* **Dataset content**:

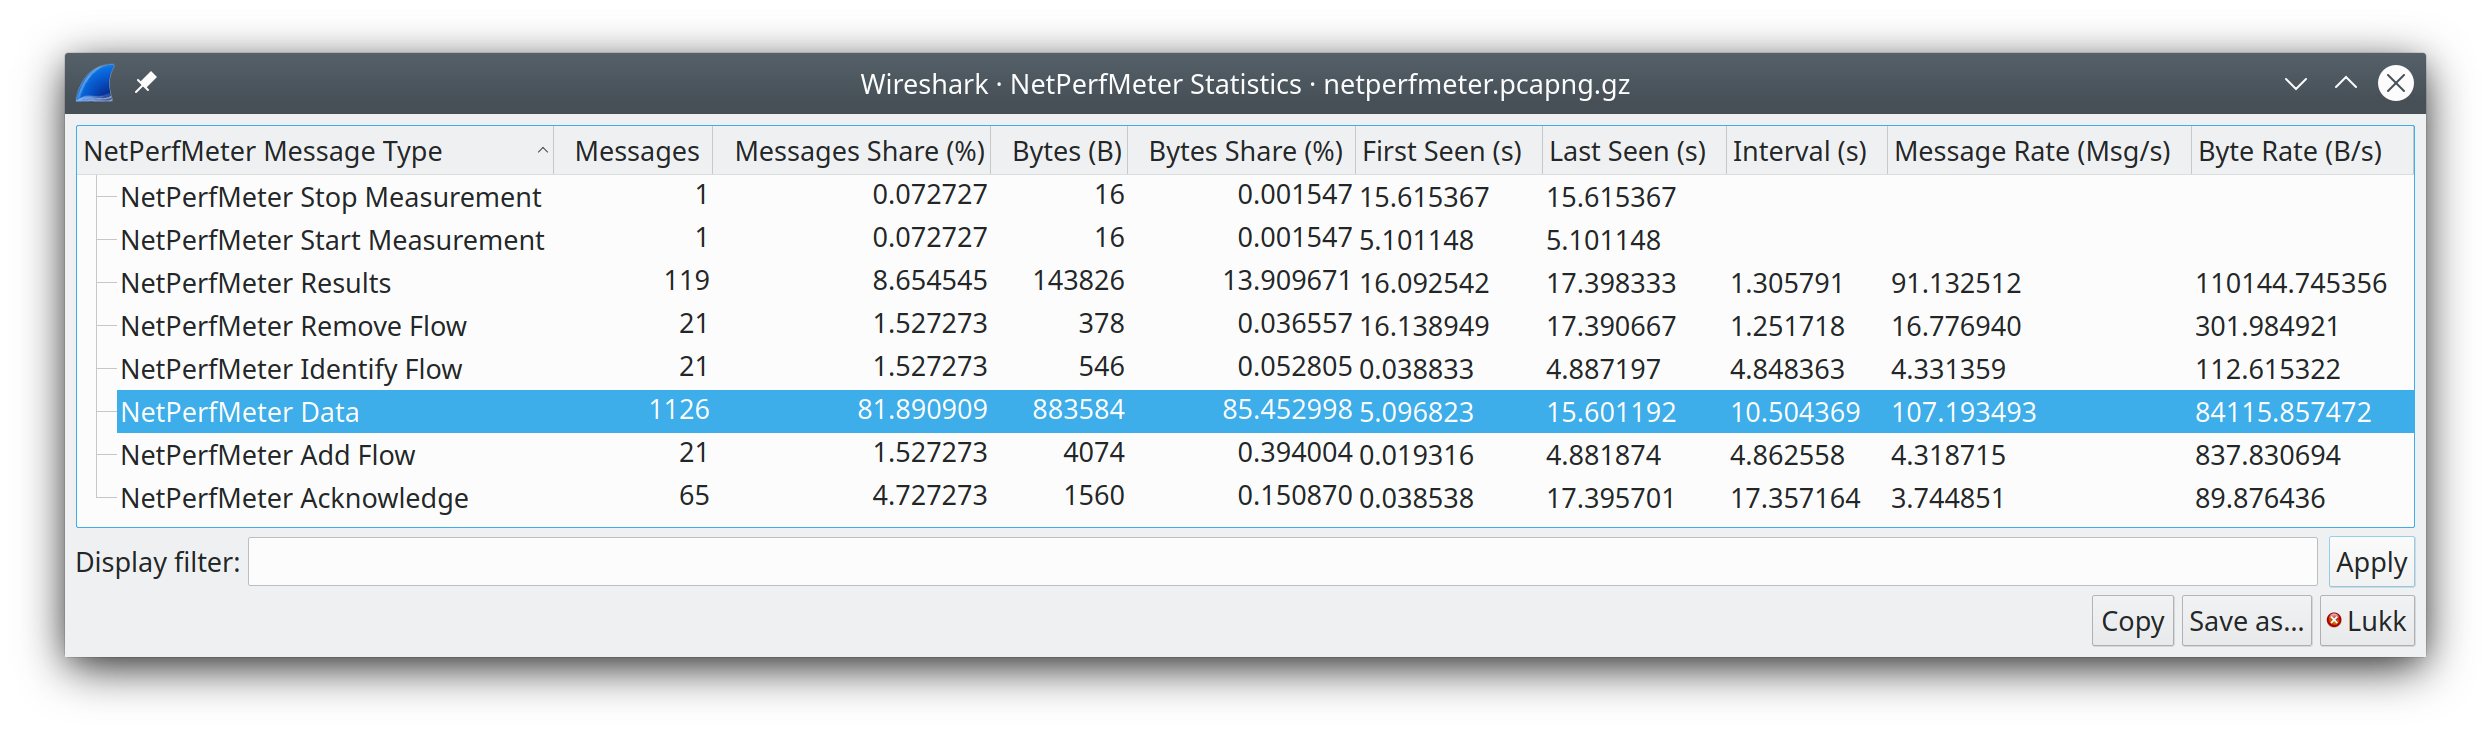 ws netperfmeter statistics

...

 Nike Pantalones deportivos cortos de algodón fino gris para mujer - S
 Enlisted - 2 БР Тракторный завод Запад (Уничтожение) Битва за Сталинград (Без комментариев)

* **Work required**:
Write out exactly the lines above from the line with "Nike Pantalones deportivos" through the line with "Enlisted - 2", both of them included, and leave out all other lines.

* **Answer section**:
 Nike Pantalones deportivos cortos de algodón fino gris para mujer - S
 Enlisted - 2 БР Тракторный завод Запад (Уничтожение) Битва за Сталинград (Без комментариев)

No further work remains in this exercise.